Aims: Most of the over 250,000 t.y⁻¹ of organic municipal waste generated in Al-Nasiriyah is landfilled, which raises the risk of leachate and methane emissions. This study explores sustainable waste valorization strategies through energy recovery and coproduct use.
Materials & Methods: Anaerobic digestion (AD) and hydrothermal carbonization (HTC) were combined to develop and evaluate an integrated pathway. Response-surface and Gompertz models, alongside pilot-scale feedstock characterization, were used to predict hydrochar yields, increased heating values, and methane production under various operating conditions. To assess environmental impacts, such as eutrophication and global warming potential, as well as financial metrics, including net present value (NPV), internal rate of return (IRR), and payback period, a bottom-up techno-economic analysis and a cradle-to-gate life-cycle assessment (ISO 14040/44) were performed.

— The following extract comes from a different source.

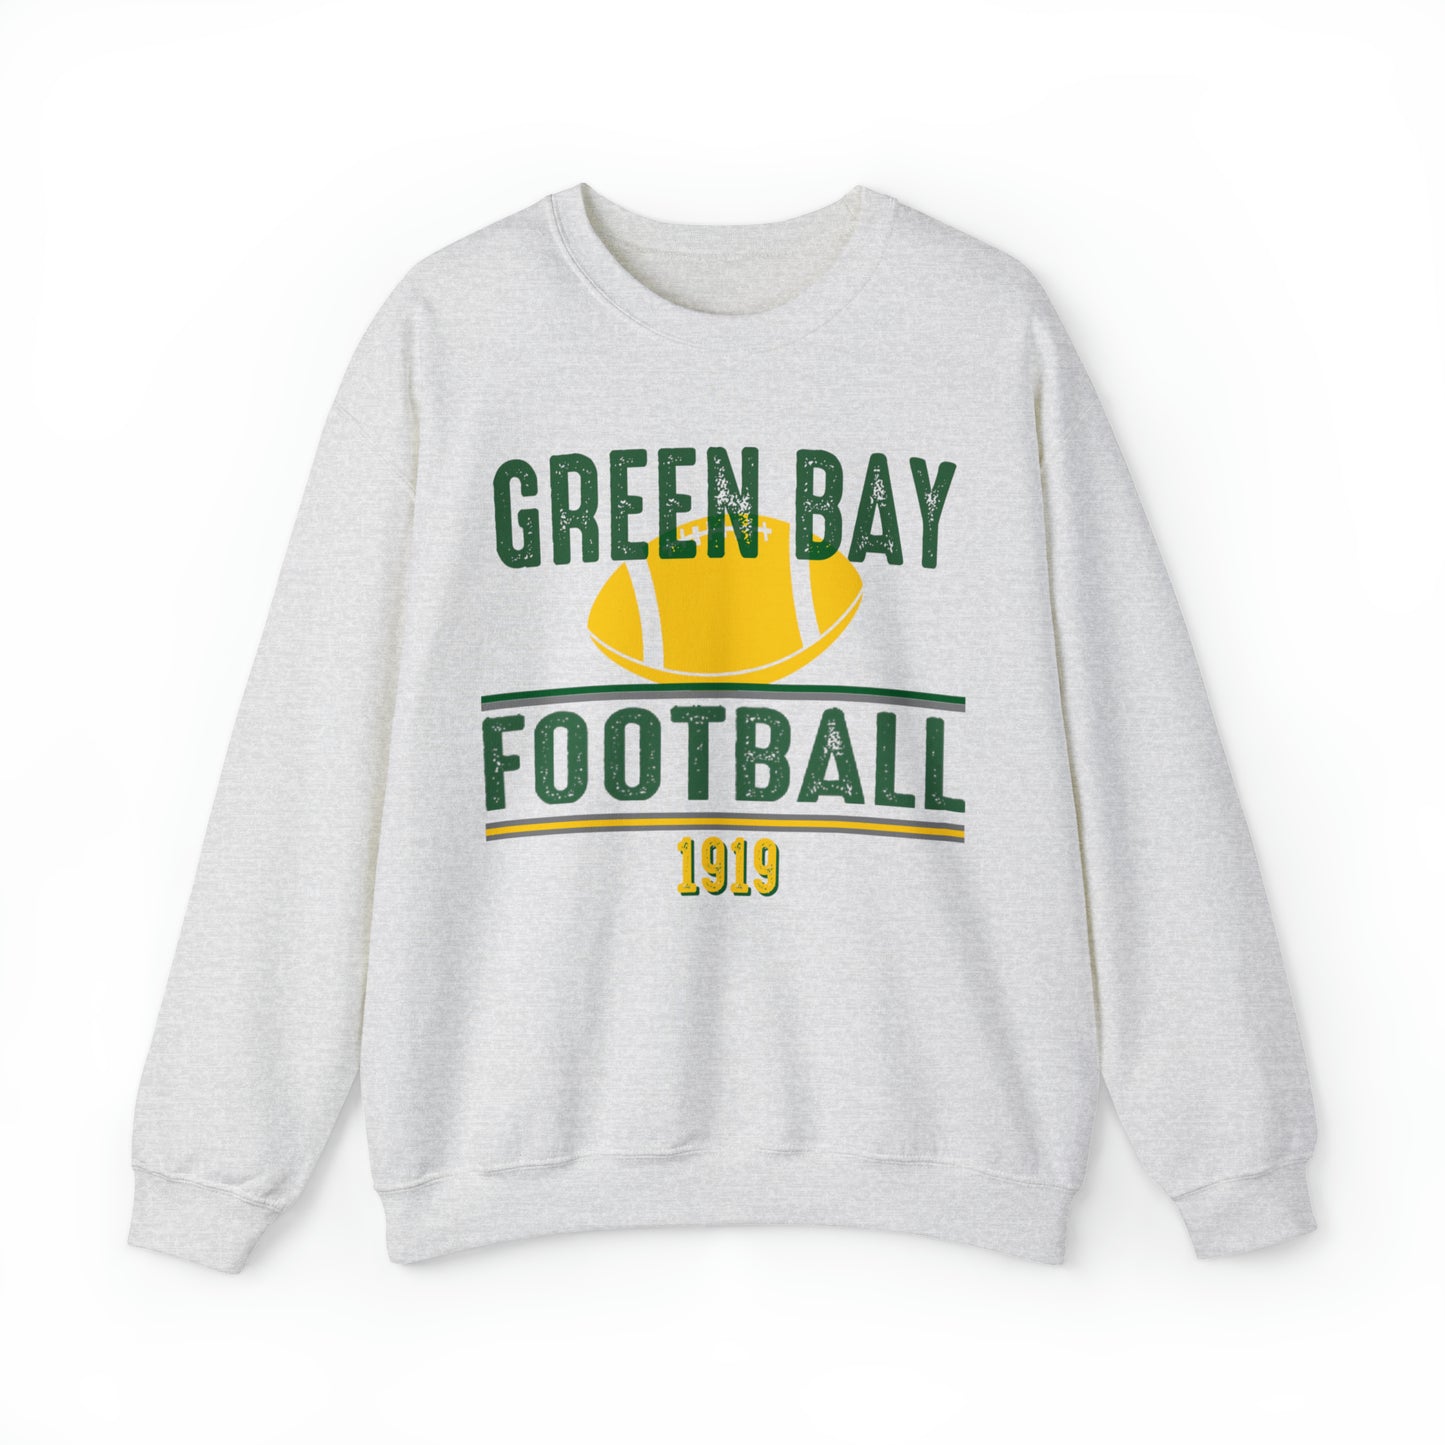 Green Bay Packers Football Sweatshirt
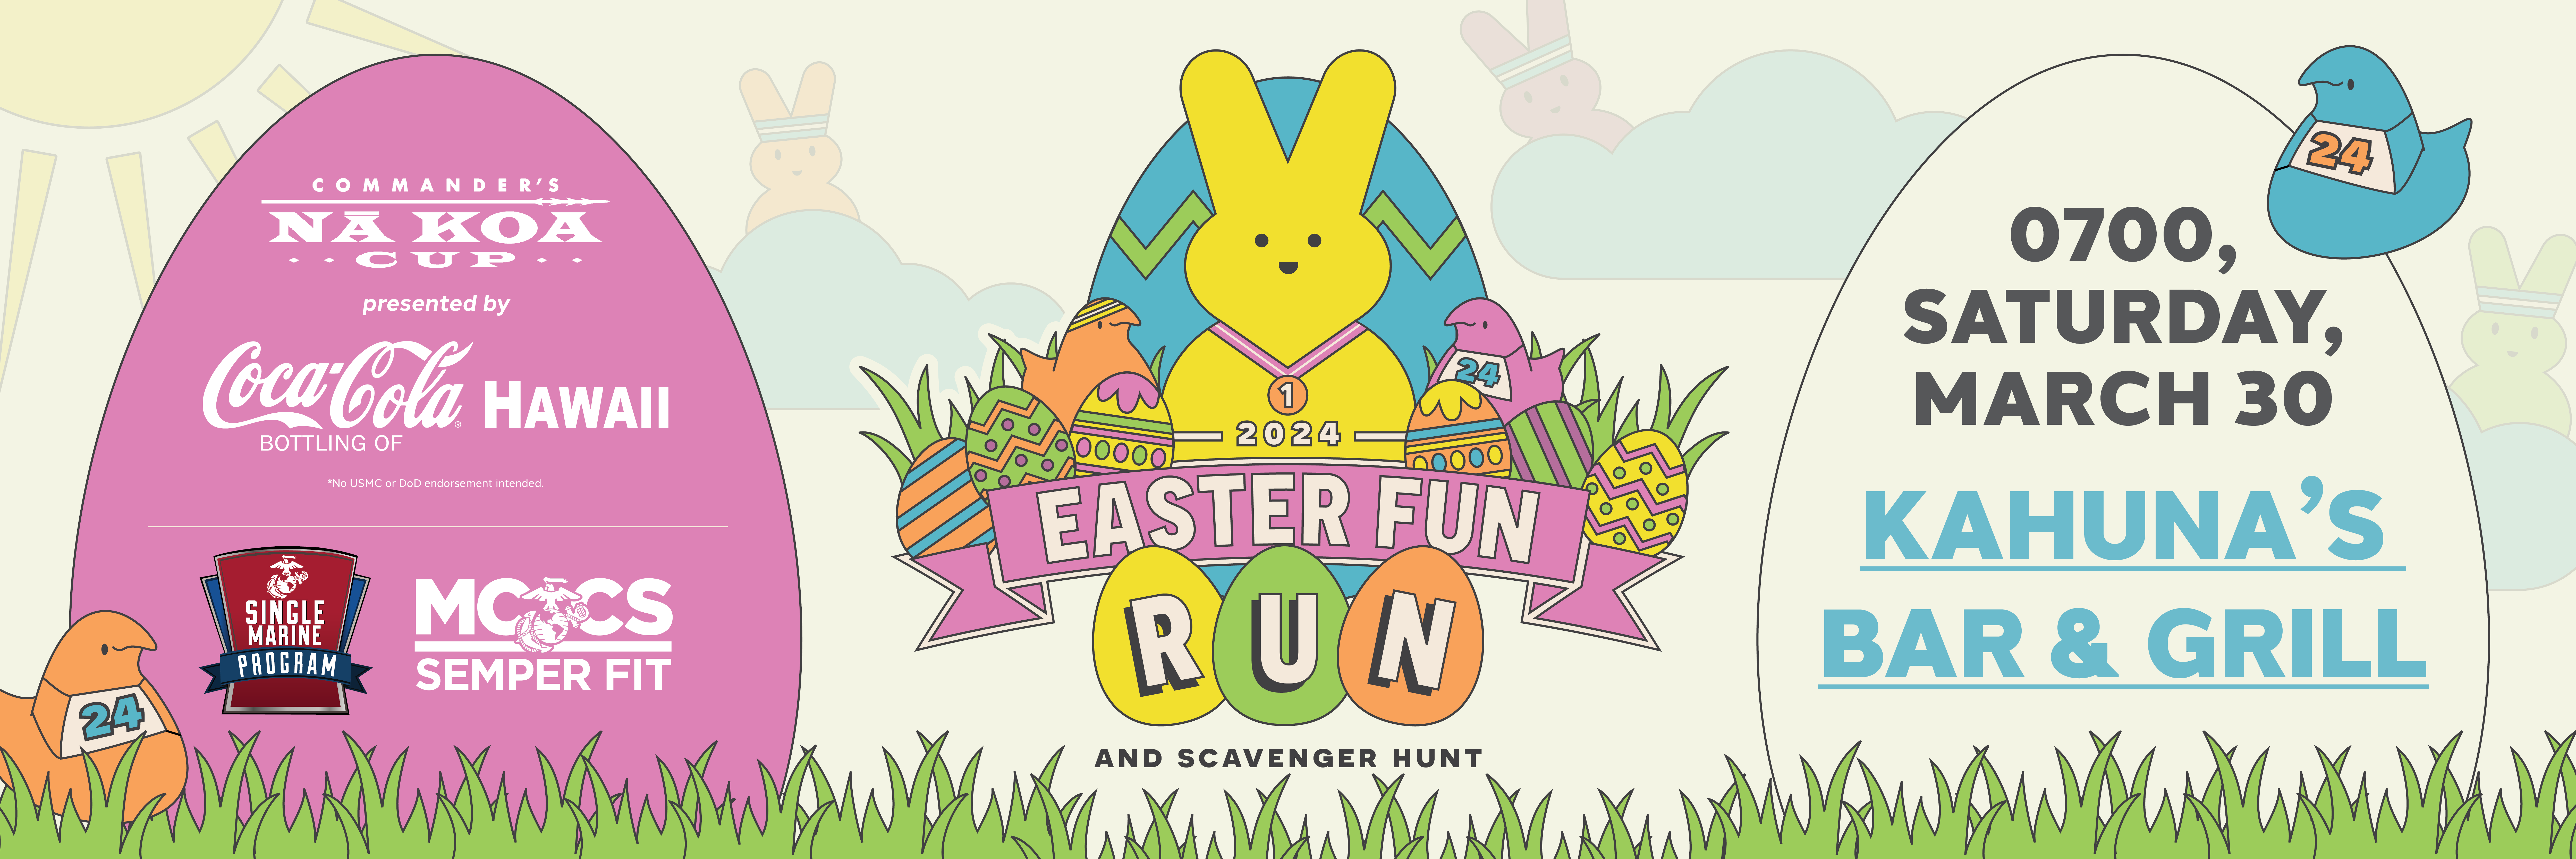 Easter Fun Run & Scavenger Hunt

Findings: Compared to standalone AD, the coupled HTC–AD system reduced greenhouse gas emissions by 67%, generated 6.5 GJ.t⁻¹ of net energy, and demonstrated financial viability with an 18% internal rate of return and a four-year payback period.
Conclusion: The results confirm that the integrated HTC–AD pathway offers a practical, climate-friendly, and sustainable waste-management solution for arid subtropical urban areas like Al-Nasiriyah.